Earnings before interest, taxes, depreciation and amortization (EBITDA) attributable to Murphy, totaled $421 million, or $25.67 per barrel of oil equivalent (BOE) sold. Earnings before interest, taxes, depreciation, amortization and exploration expenses (EBITDAX) attributable to Murphy, totaled $456 million, or $27.74 per BOE sold. Details for fourth quarter EBITDA and EBITDAX reconciliation can be found in the attached schedules.

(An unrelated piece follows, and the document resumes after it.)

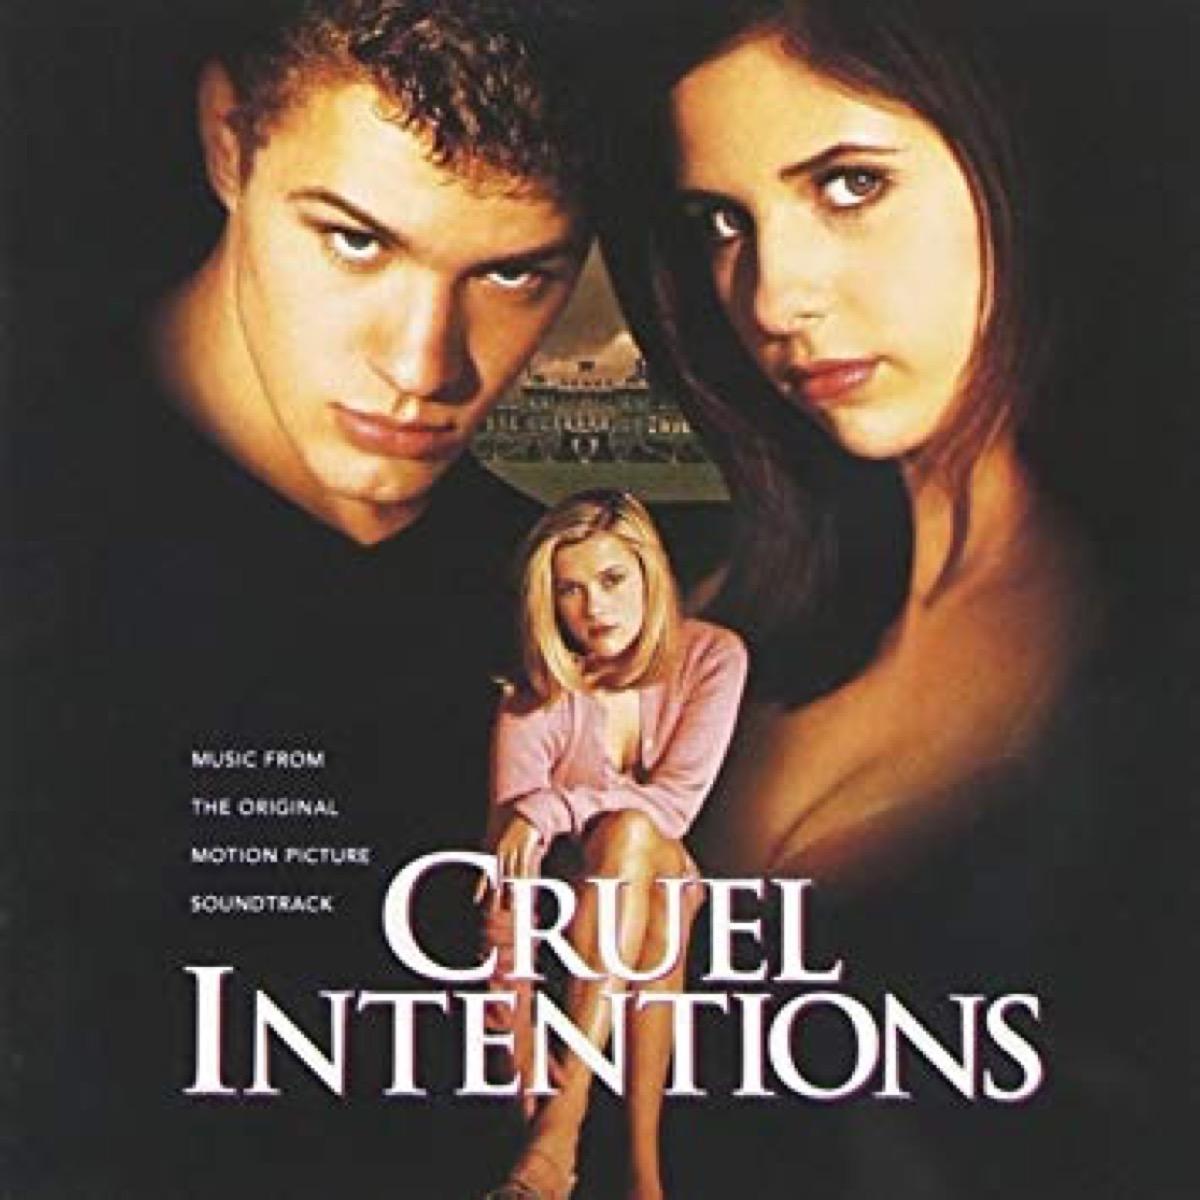 cruel intentions movie soundtrack cover

Production in the fourth quarter averaged 176 thousand barrels of oil equivalent per day (MBOEPD), which was in line with guidance. Details for fourth quarter production can be found in the attached schedules.
FULL YEAR 2018 RESULTS
The company recorded a net income, attributable to Murphy, of $411 million, or $2.36 per diluted share, for the full year 2018. The company reported adjusted income, which excludes both the results of discontinued operations and certain other items that affect comparability of results between periods, of $219 million, or $1.26 per diluted share. Details for full year 2018 results can be found in the attached schedules.
Production for the full year averaged 171 MBOEPD, which was in line with guidance. Details for 2018 production can be found in the attached tables.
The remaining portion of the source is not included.